Find the length of $r=1+\sin{\theta}$.
I got to $\sqrt{2} \int\limits_{0}^{2\pi}\sqrt{1+\sin{\theta}} \,\mathrm{d}\theta$.
And the first way I used to solve the integral was substitution of $1+\sin{\theta}=u$.
Thus $ \cos\theta \,\mathrm{d}\theta = \mathrm{d}u$. and I used $\cos\theta=+\sqrt{1-\sin^2\theta}$
to find the interval which is $[-\pi/2,\pi/2]$. Considering the original interval of $[0,2\pi]$, I multiplied the result by $2$ for the symmetry to make the length of the interval $2\pi$, without knowing if it's correct.
The second way is $\frac{1+\cos{\phi}}{2}=\cos^2{(\phi/2)}$, substituting $\phi=\theta-\pi/2$,
thus $\sqrt{1+\sin{\theta}}=\sqrt{2\cos^2{(\theta/2-\pi/4)}}=+\sqrt{2}\cos{(\theta/2-\pi/4)}$.
From $-\pi/2 <\theta/2-\pi/4<\pi/2$, I got the interval $[-\pi/2,3\pi/2]$.
I end up with an interval length of $2\pi$, so I just found the final result from this interval.

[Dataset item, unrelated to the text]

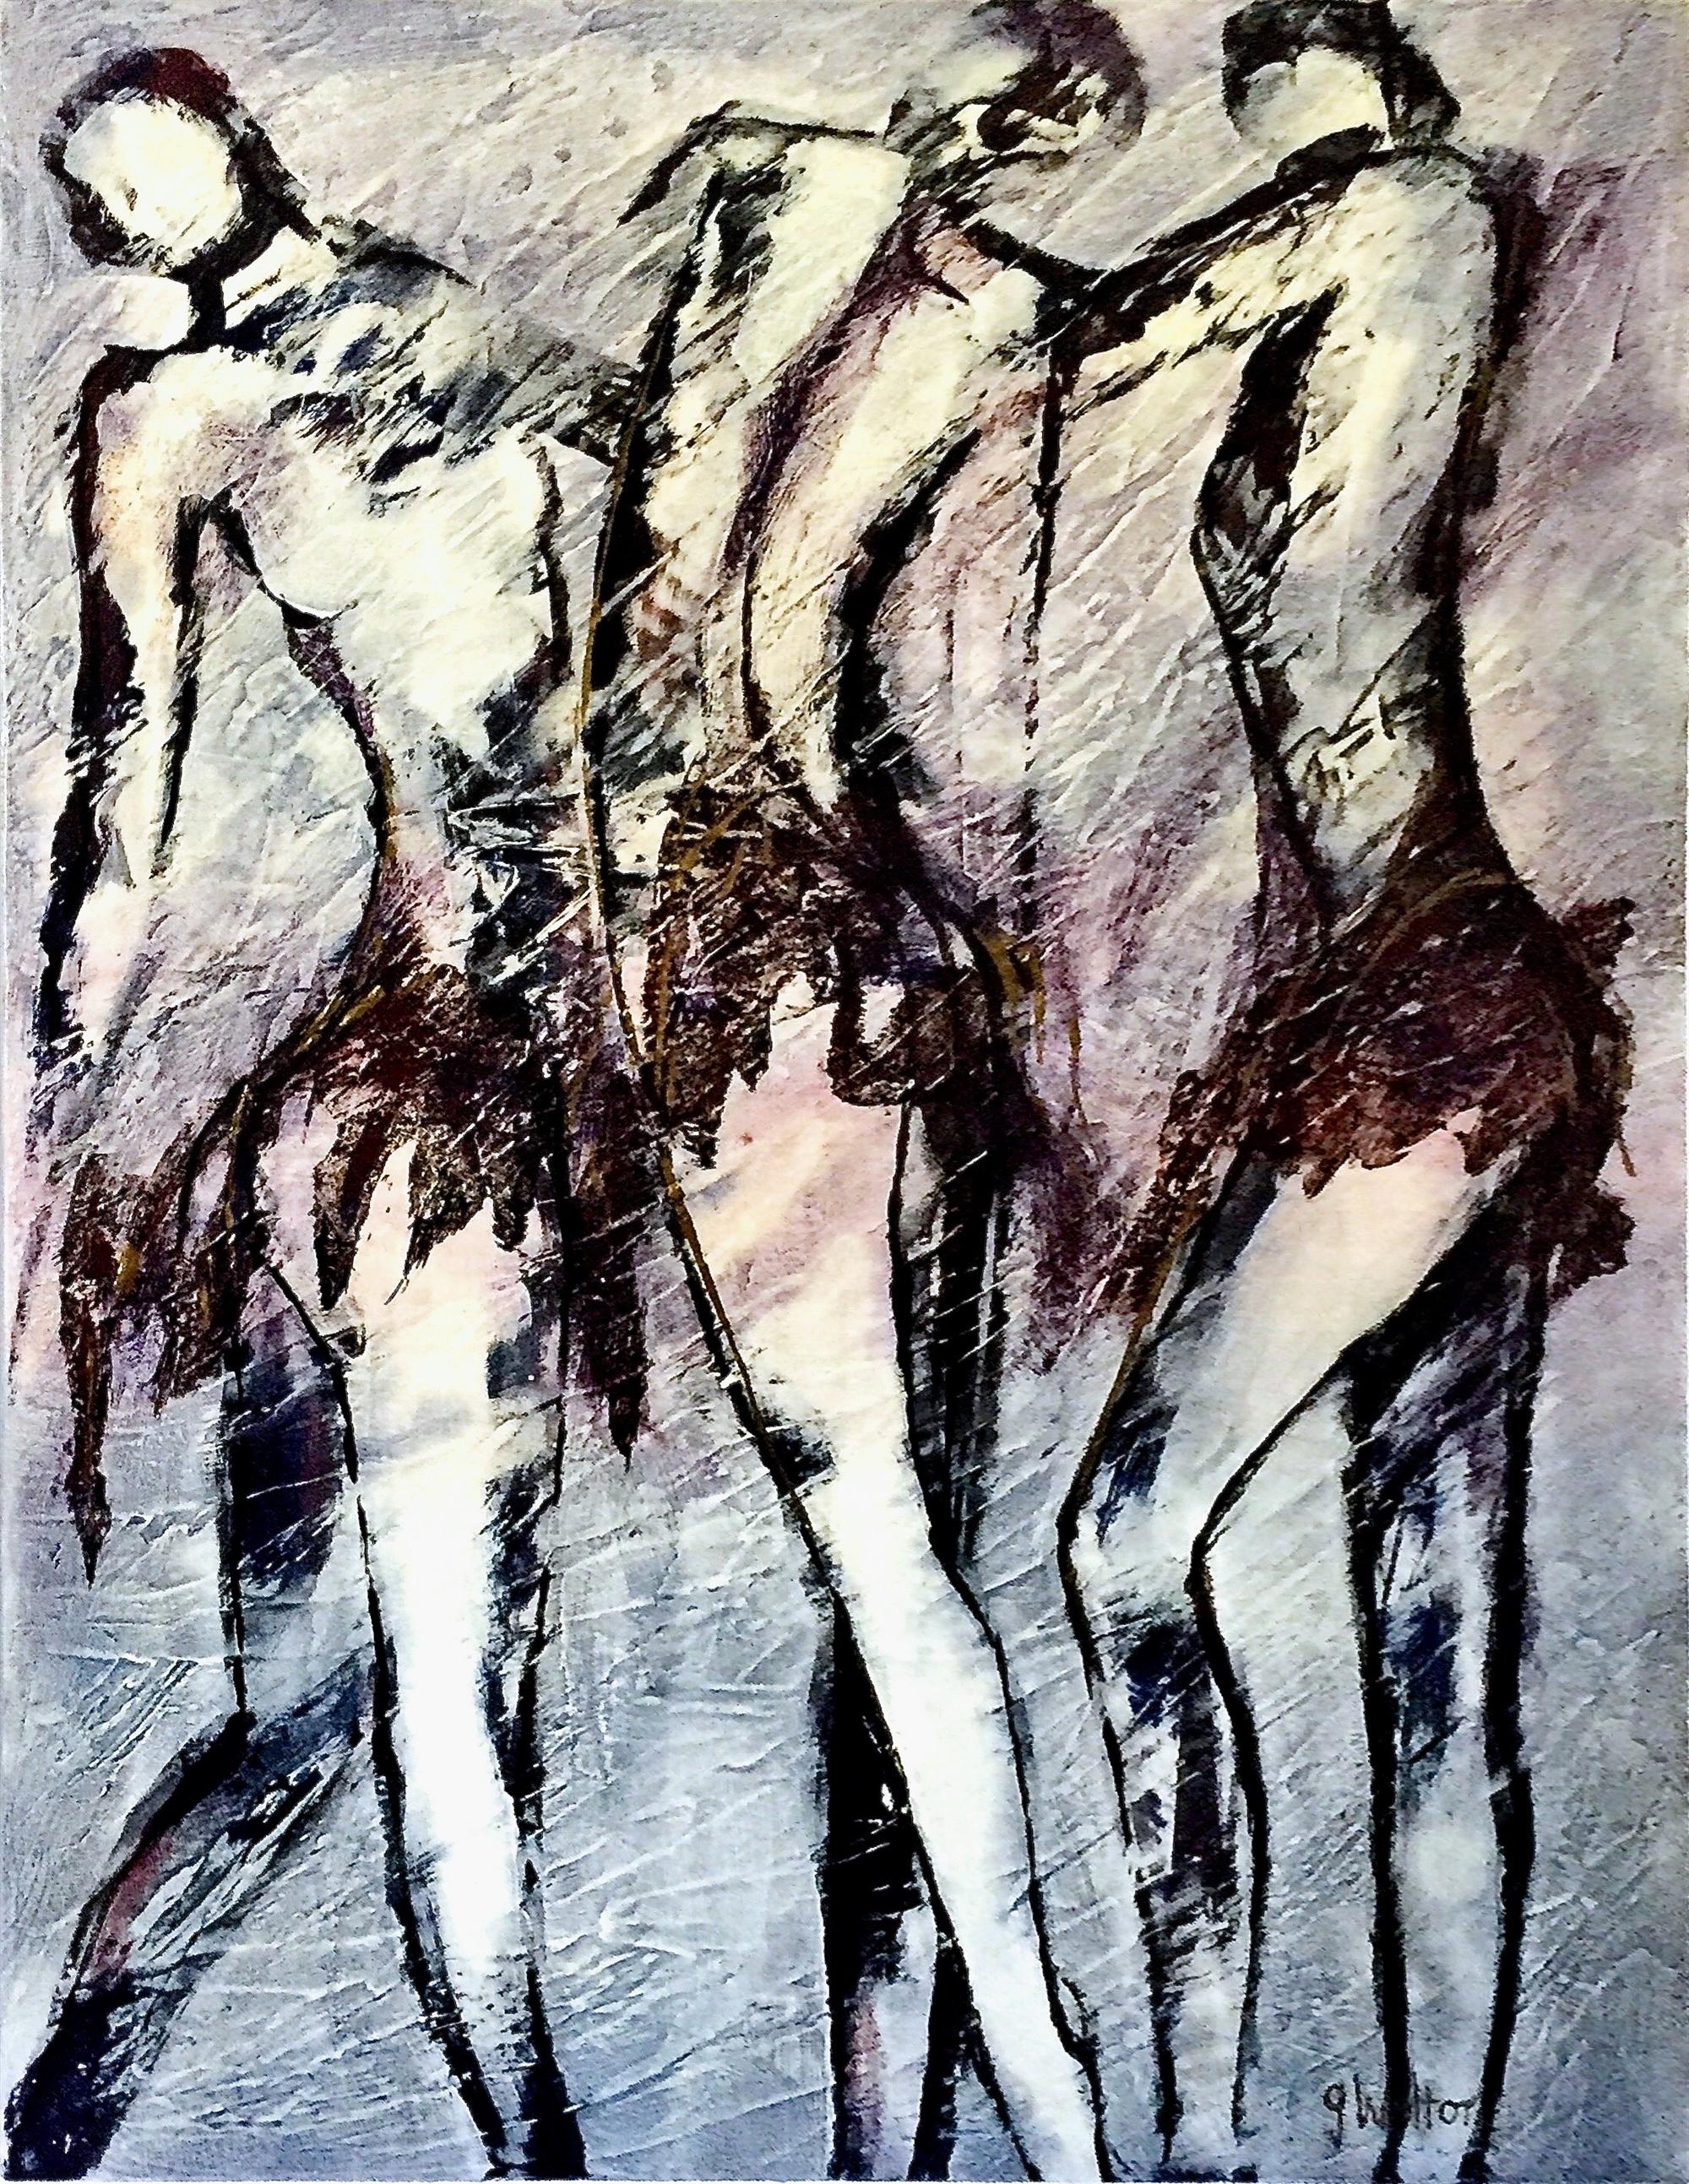 Reverie by Gary Welton

So, I used two method to solve the integral and needed to reconsider the interval for integral.
Though I got a result, I'm not fully understanding the way to find the interval.
Could you tell why these methods are correct or incorrect?
Edit: I should have mentioned I found the answer of $8$. It's not the way to get the answer that I'm asking. I'm confused about interval.